- Exercise -
Give the data back exactly. Leave out any images.

- Input data -
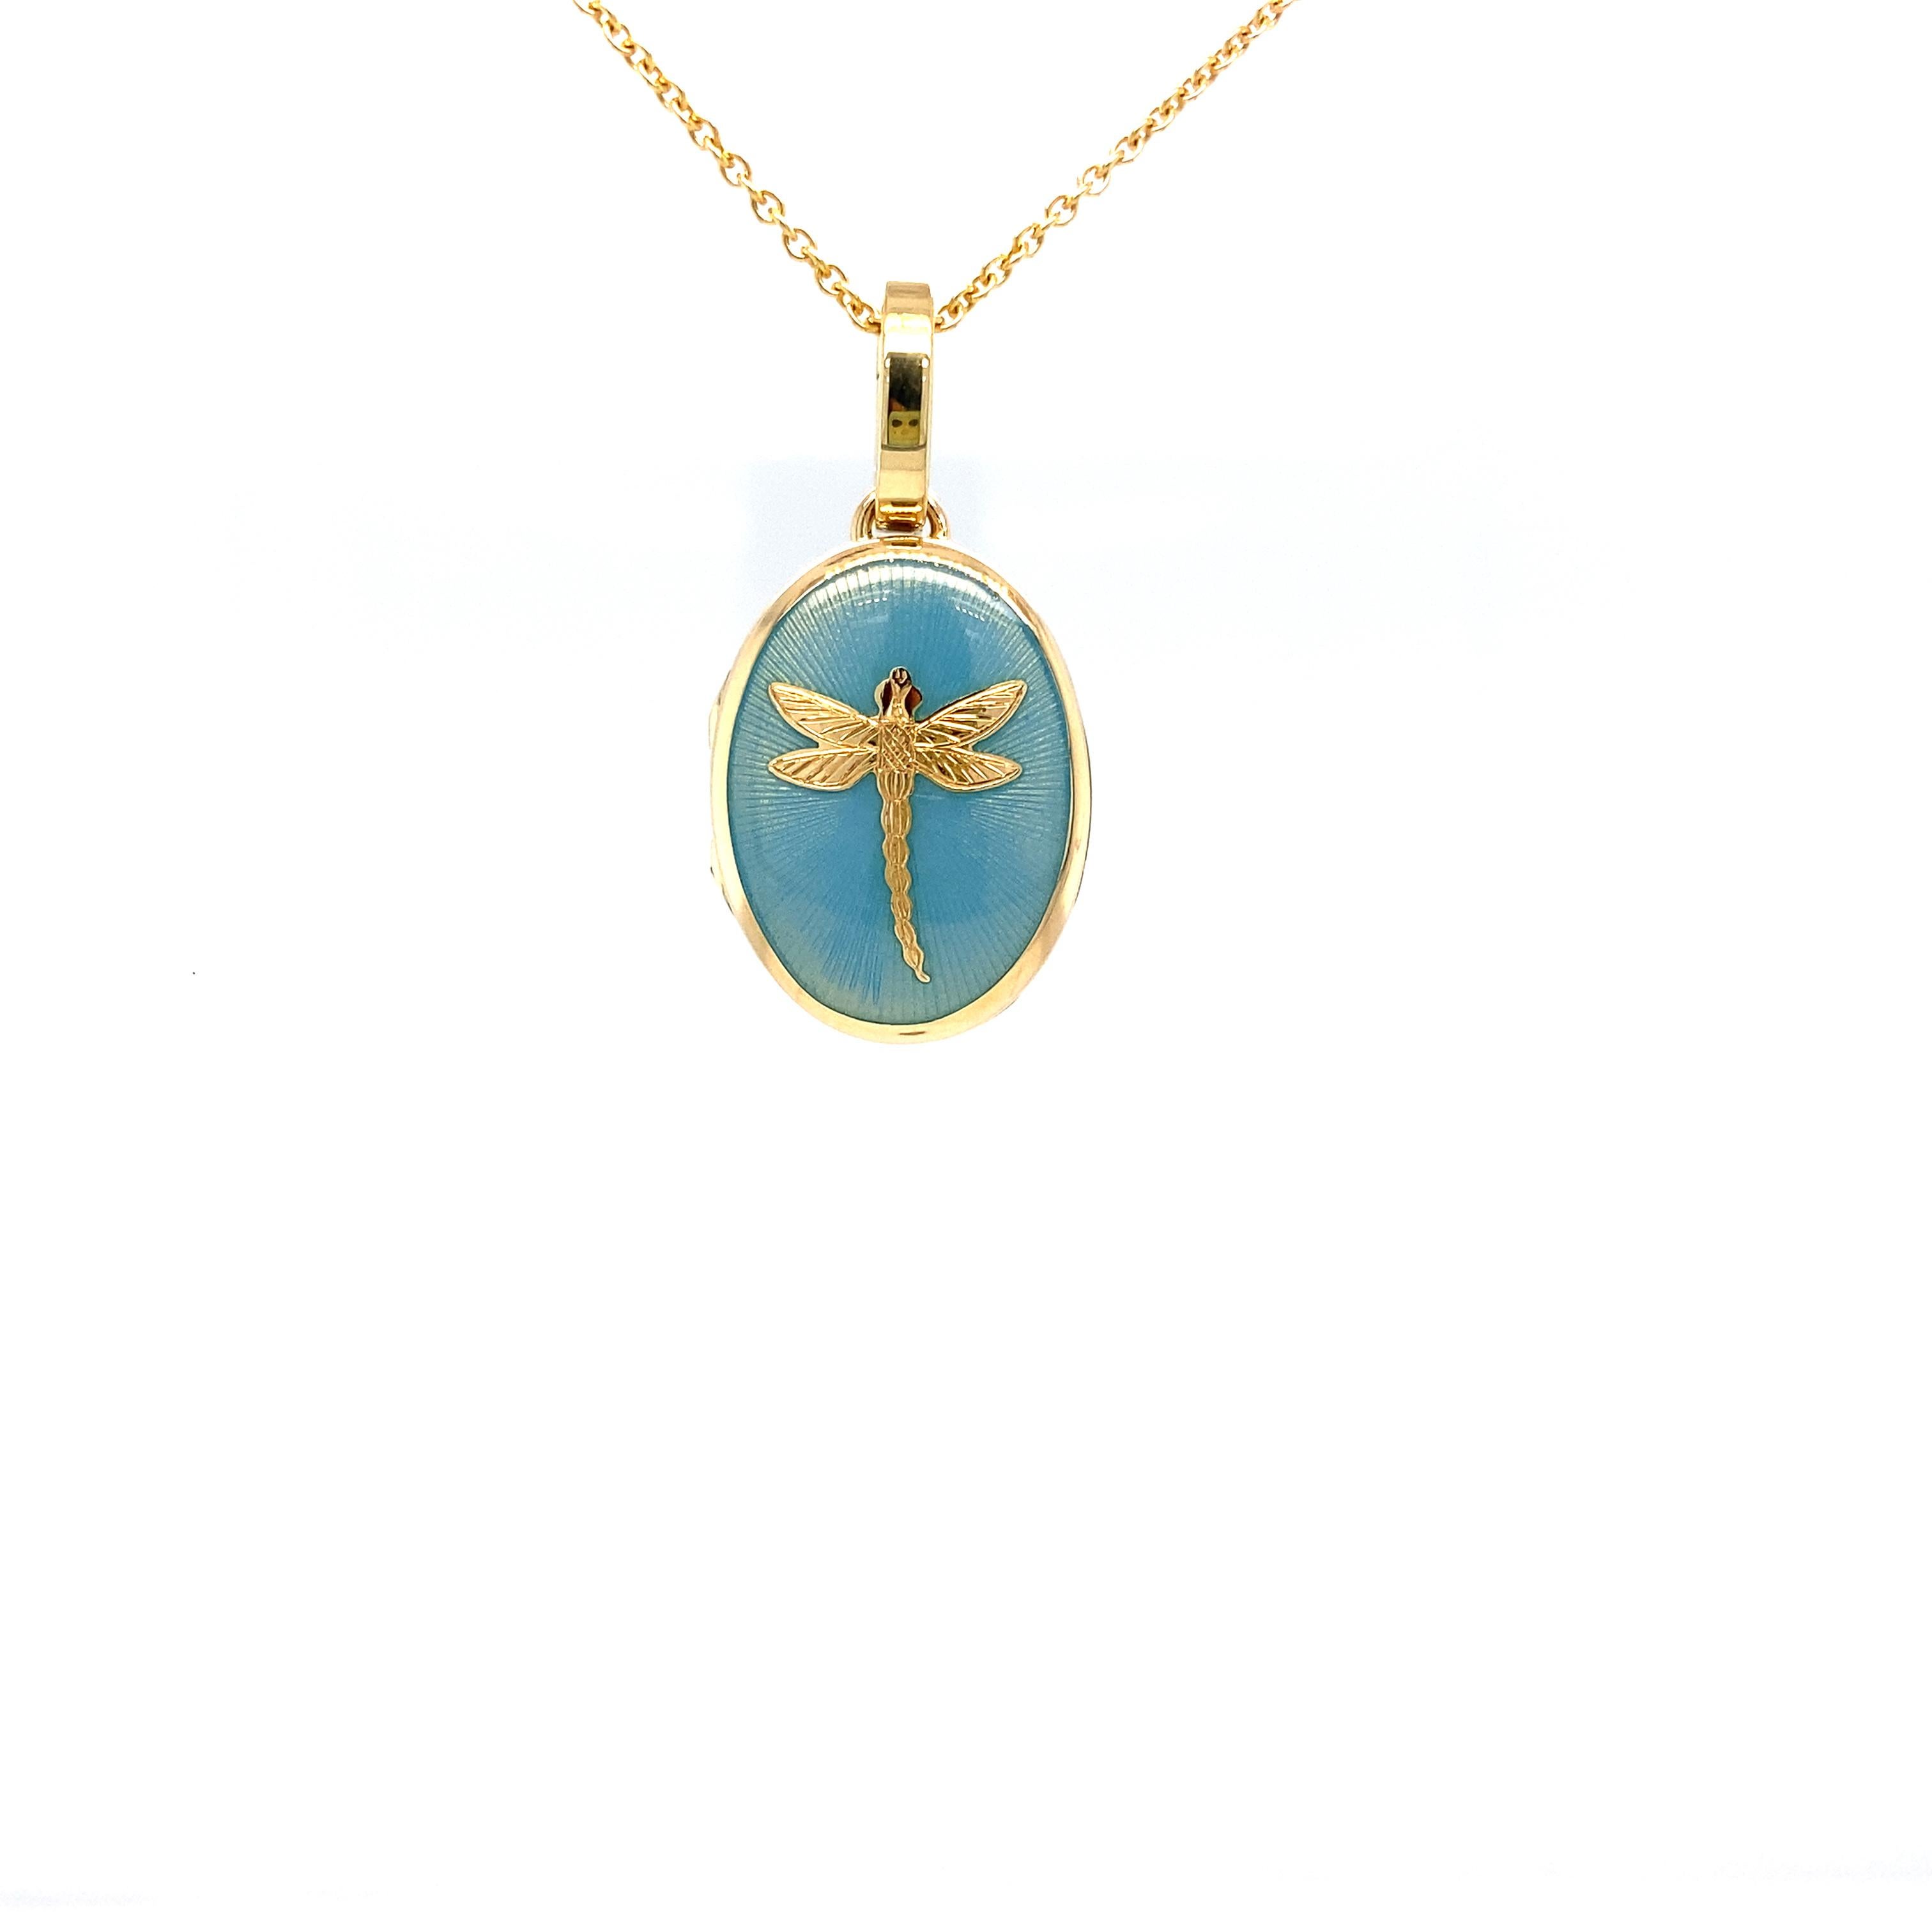 Victor Mayer customizable oval locket pendant with dragonfly 18k yellow gold, Hallmark collection, translucent opalescent turquoise vitreous enamel, guilloche, measurements app. 15.0 mm x 20.0 mm

About the creator Victor Mayer
Victor Mayer is

- Output for this task -
 Victor Mayer customizable oval locket pendant with dragonfly 18k yellow gold, Hallmark collection, translucent opalescent turquoise vitreous enamel, guilloche, measurements app. 15.0 mm x 20.0 mm

About the creator Victor Mayer
Victor Mayer is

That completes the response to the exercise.